REQUIRED ACTION ->
Every line from the one with "Длинный бесшовный пуховик (арт. baon B508554), размер" up to and including the one with "Мужская хлопковая футболка" is to be output exactly as it appears below; pictures are not.

AVAILABLE RECORDS ->
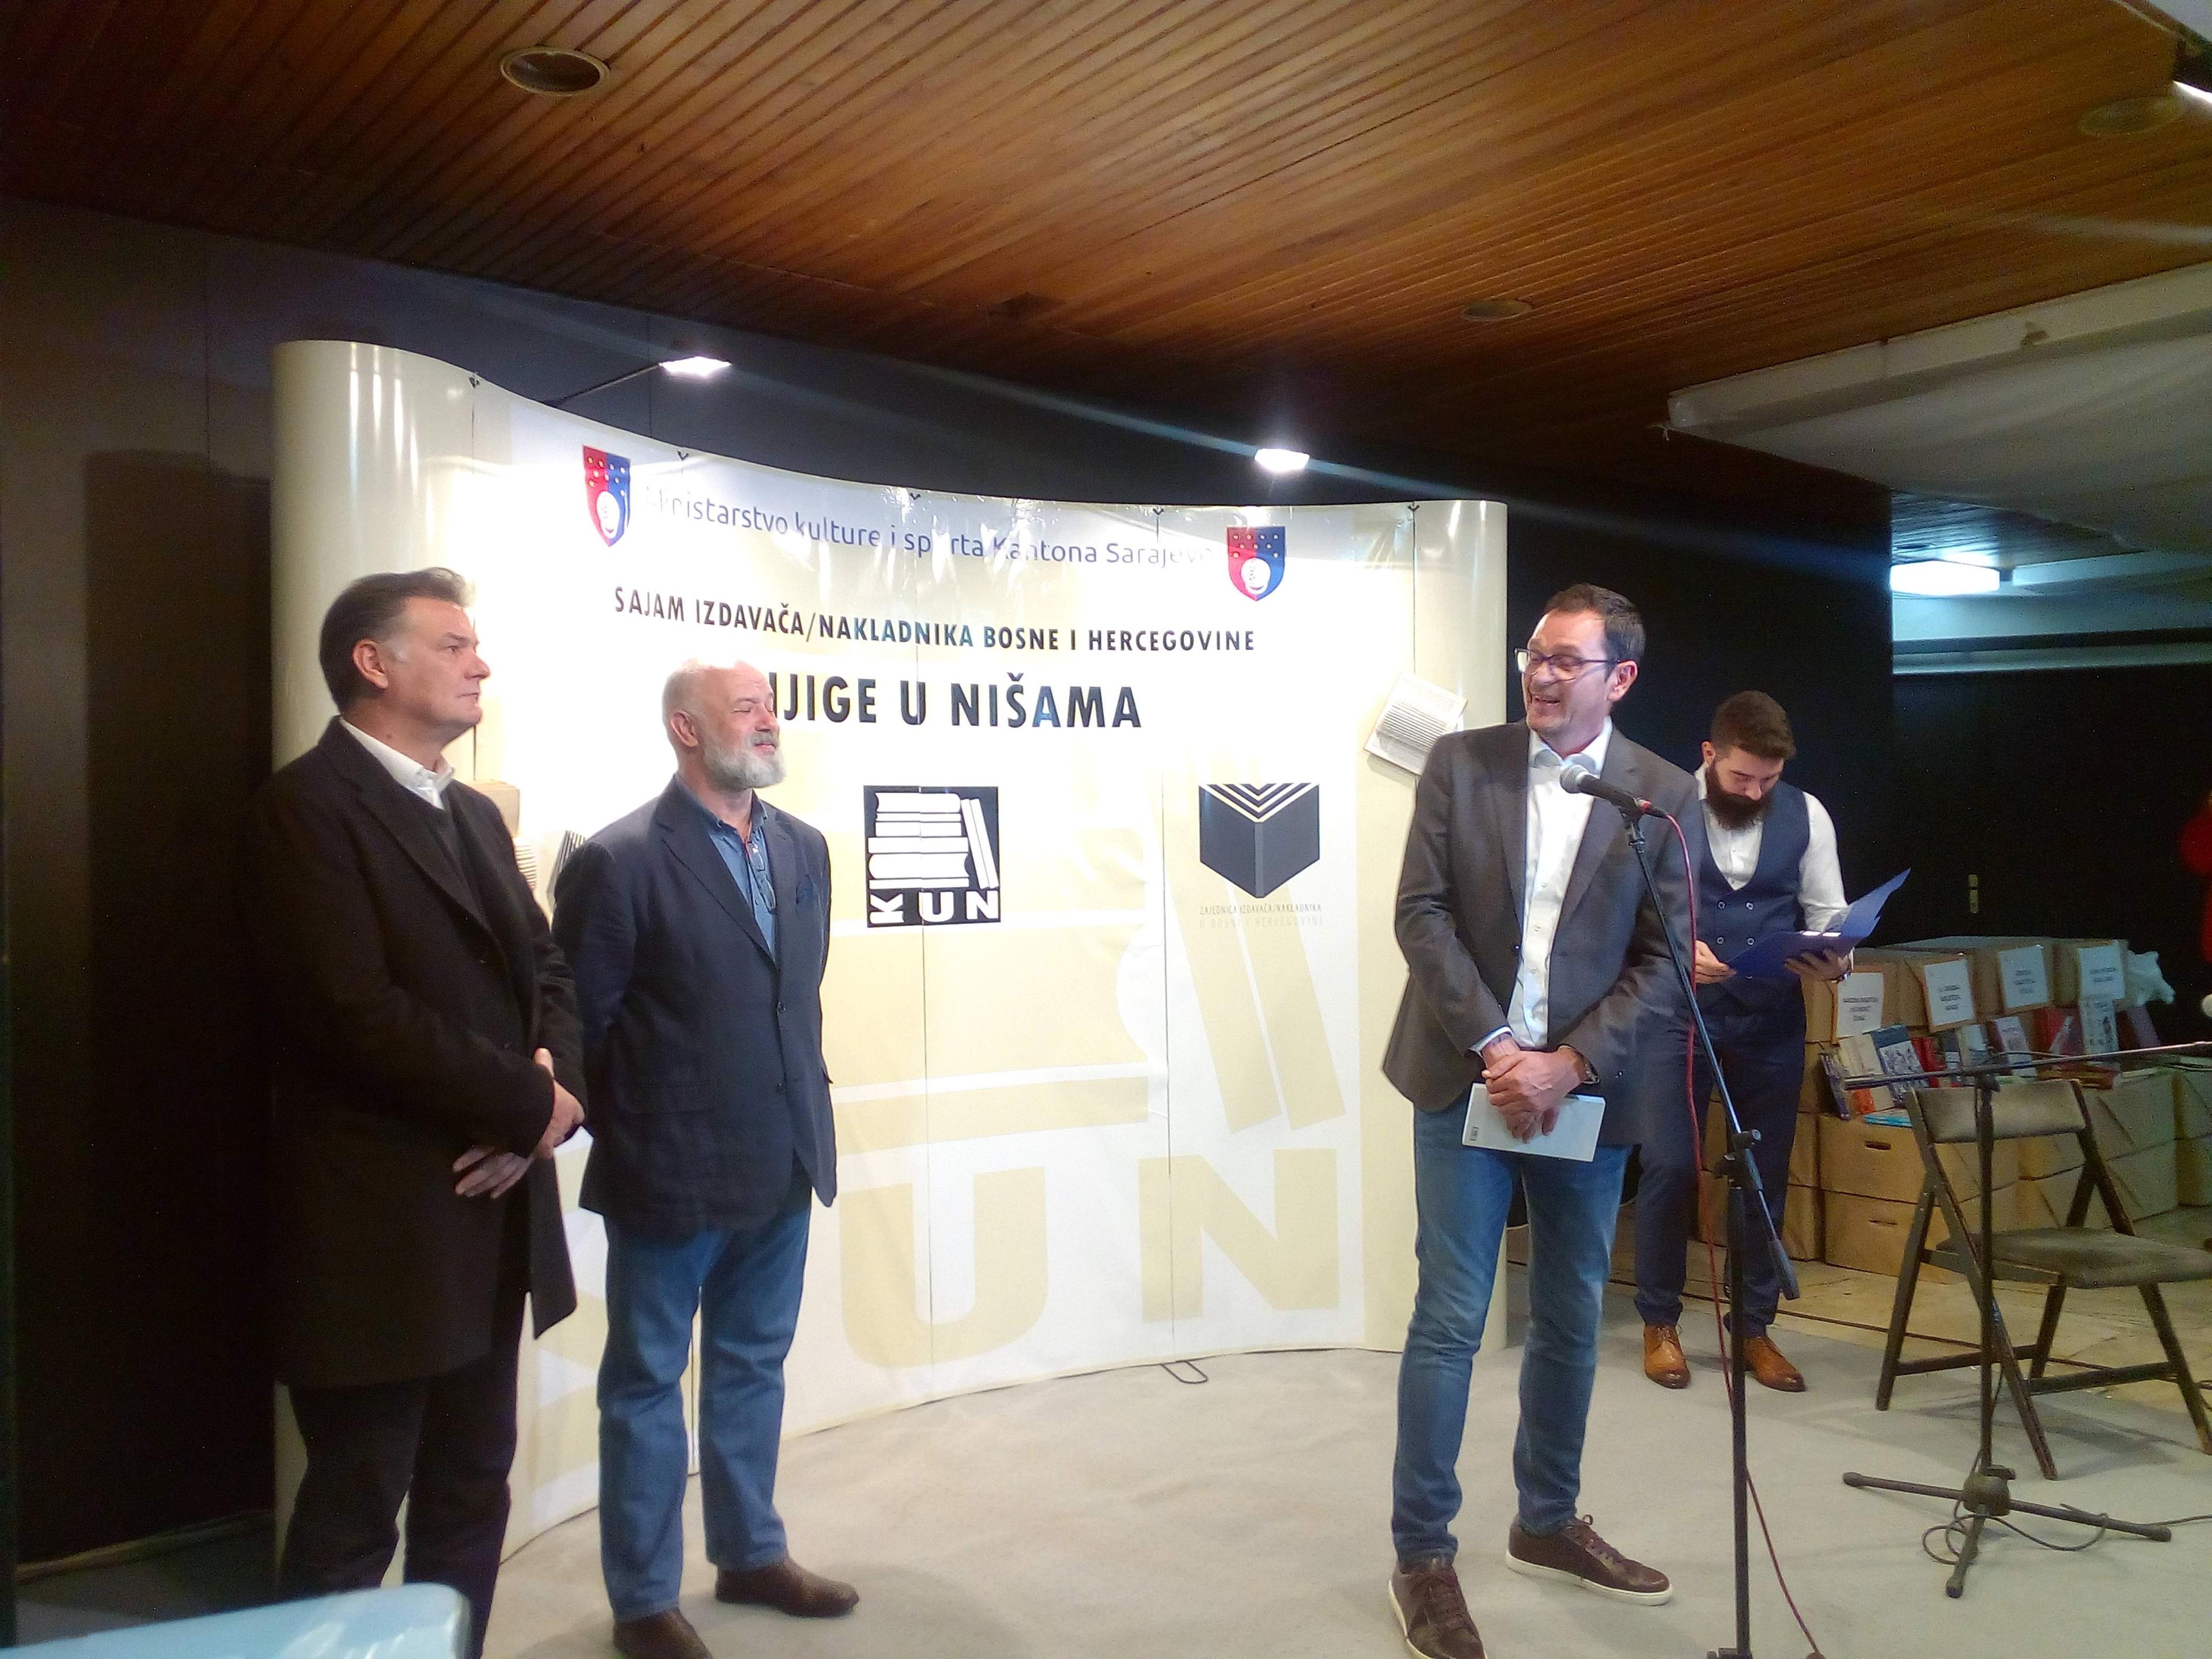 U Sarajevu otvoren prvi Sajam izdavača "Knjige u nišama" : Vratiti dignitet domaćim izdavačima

--

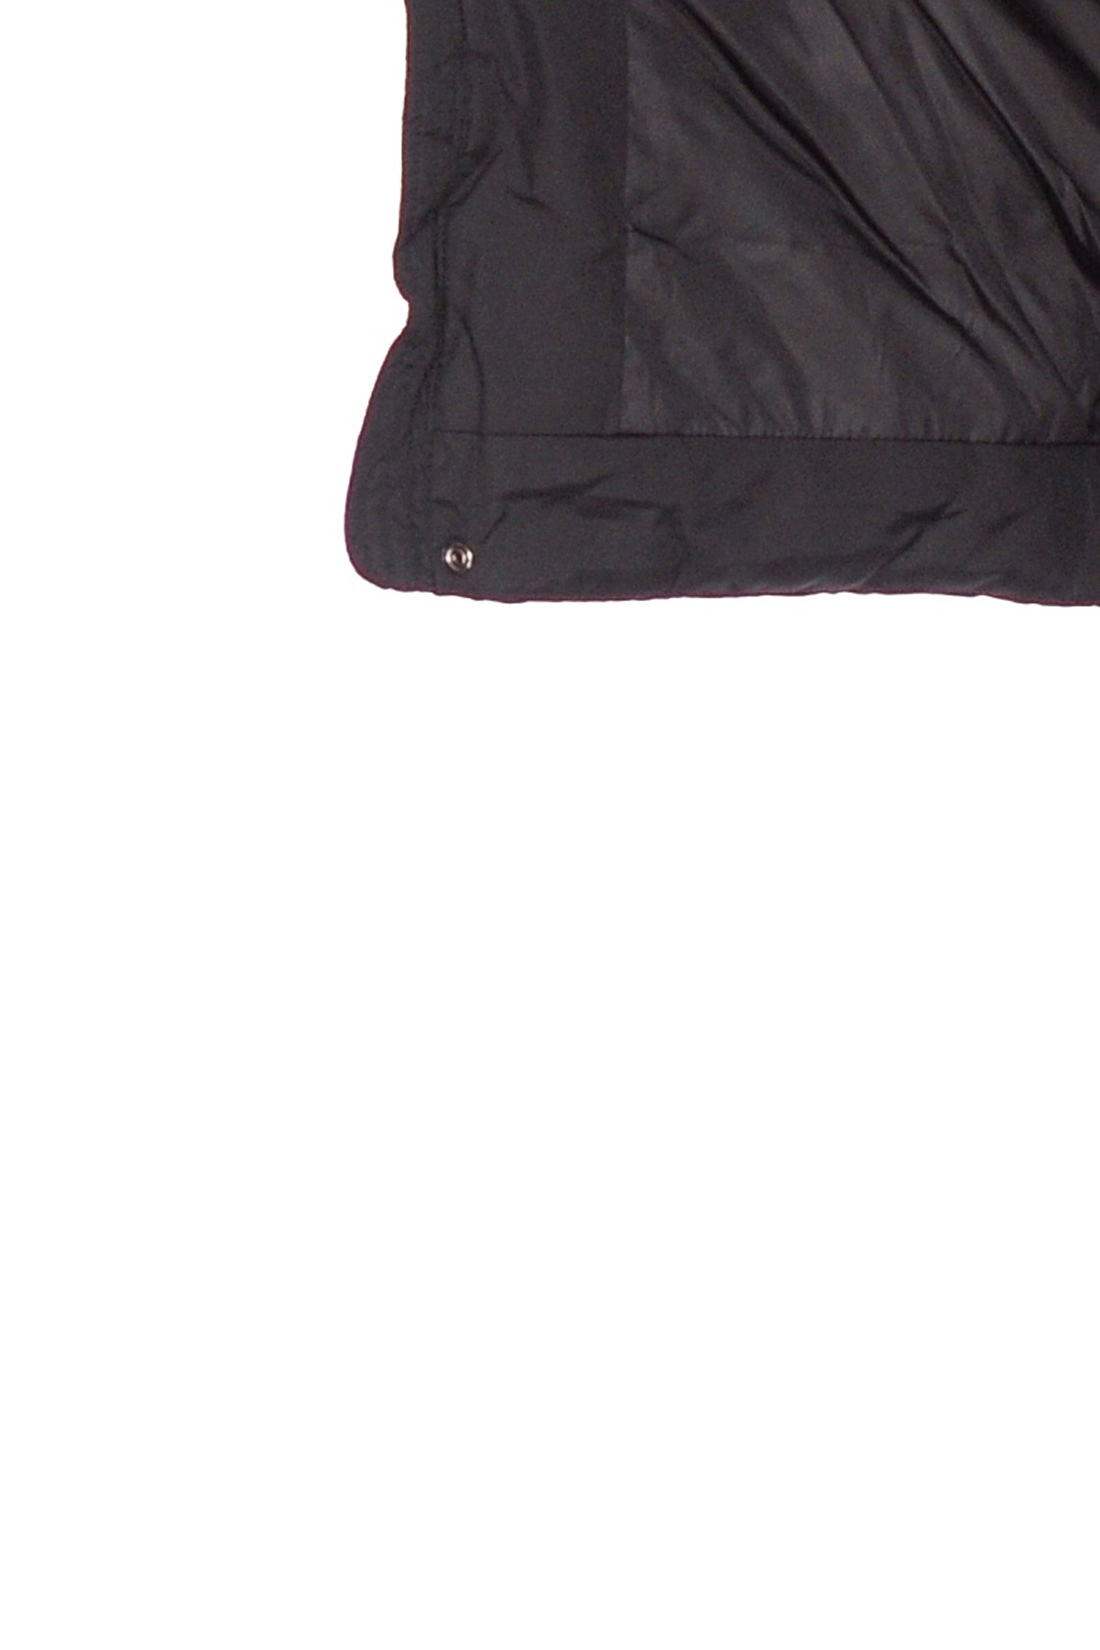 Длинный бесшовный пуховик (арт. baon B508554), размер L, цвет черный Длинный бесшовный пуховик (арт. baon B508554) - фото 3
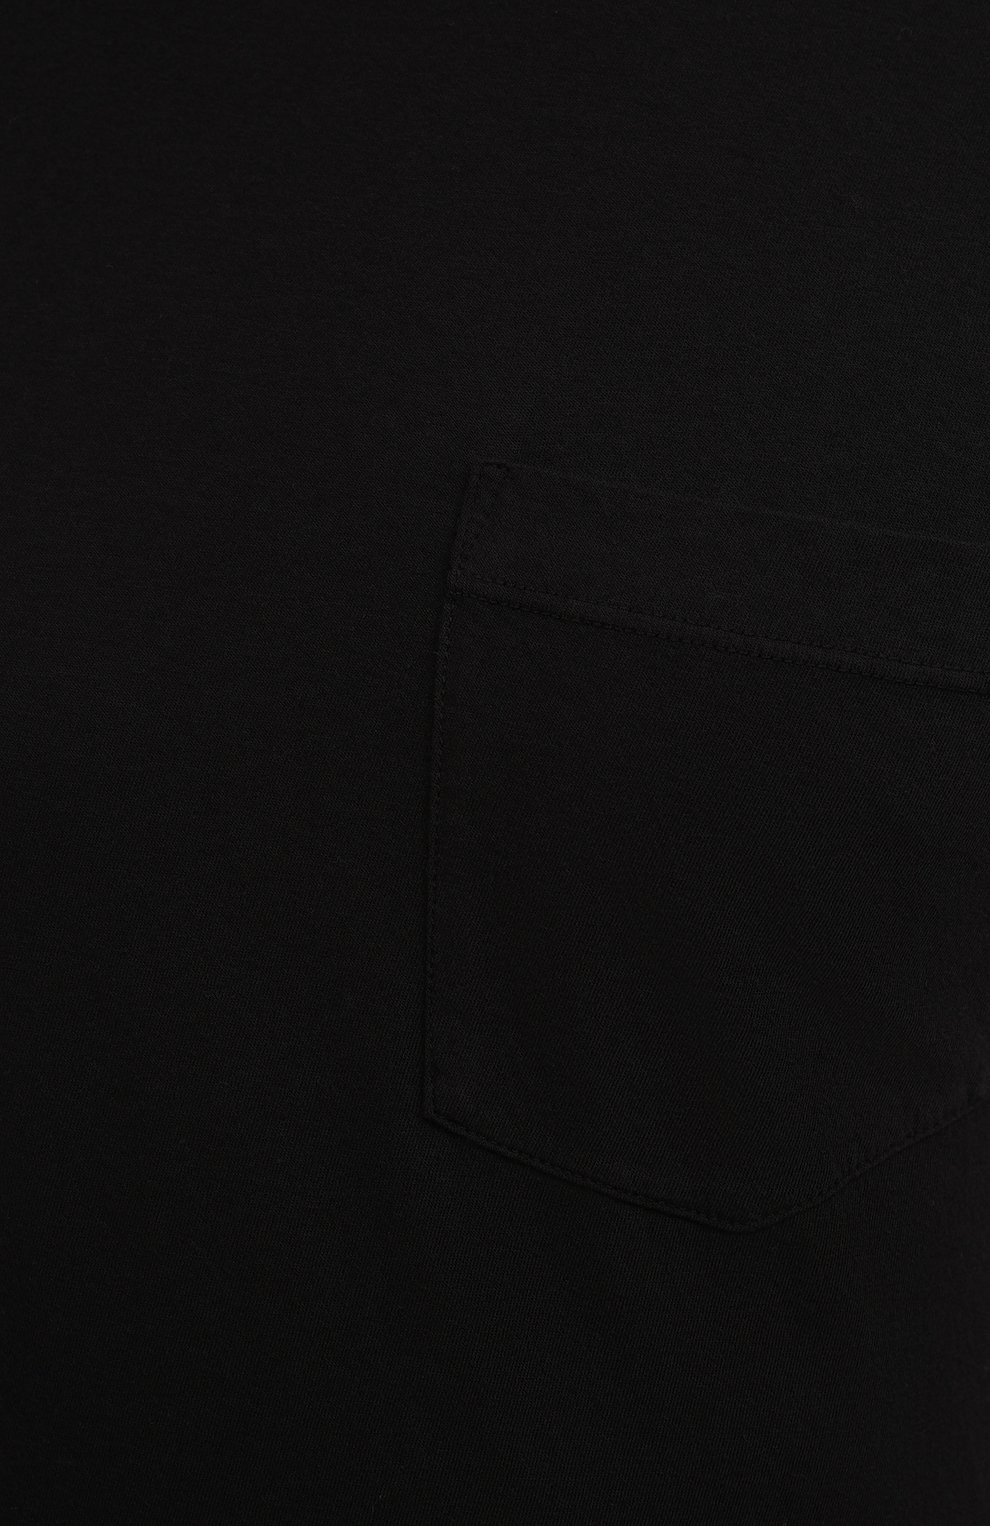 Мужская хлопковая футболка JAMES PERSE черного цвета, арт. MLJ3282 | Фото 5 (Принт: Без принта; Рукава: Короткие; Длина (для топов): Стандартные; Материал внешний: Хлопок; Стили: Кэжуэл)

...

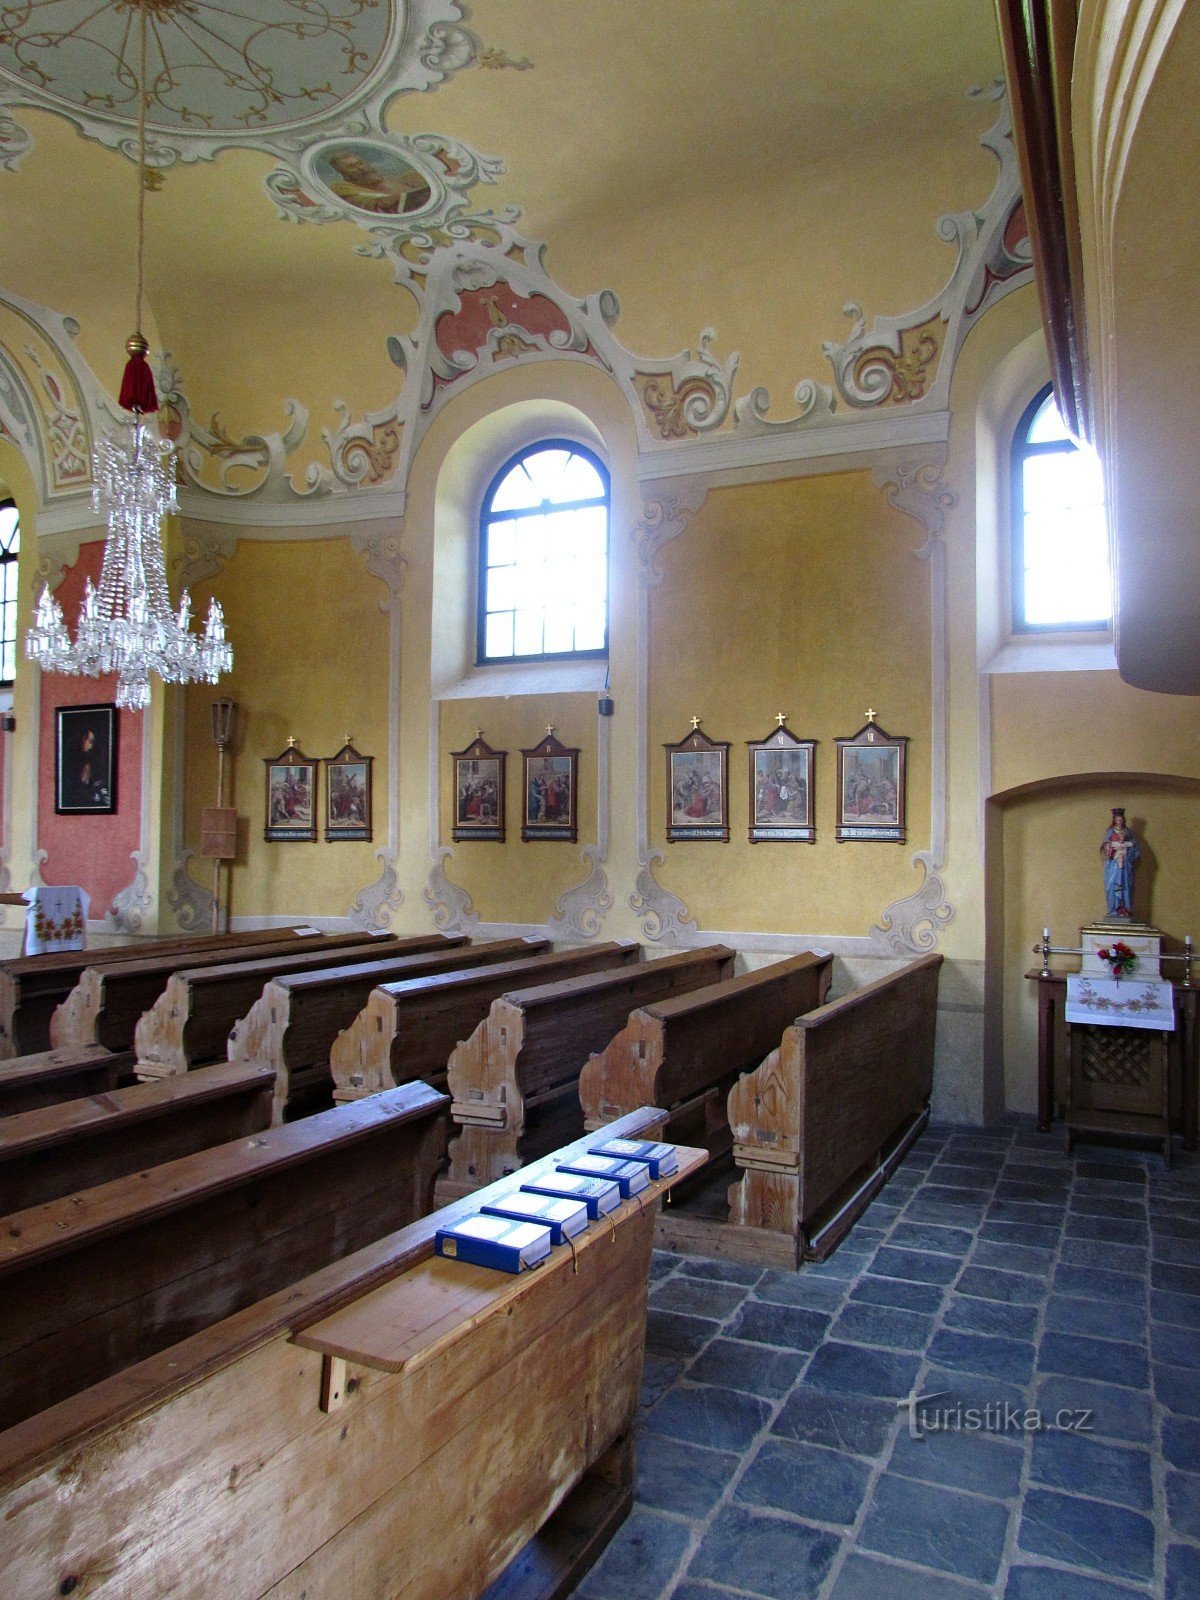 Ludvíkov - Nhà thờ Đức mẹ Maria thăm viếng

TASK ANSWER ->
 Длинный бесшовный пуховик (арт. baon B508554), размер L, цвет черный Длинный бесшовный пуховик (арт. baon B508554) - фото 3
 Мужская хлопковая футболка JAMES PERSE черного цвета, арт. MLJ3282 | Фото 5 (Принт: Без принта; Рукава: Короткие; Длина (для топов): Стандартные; Материал внешний: Хлопок; Стили: Кэжуэл)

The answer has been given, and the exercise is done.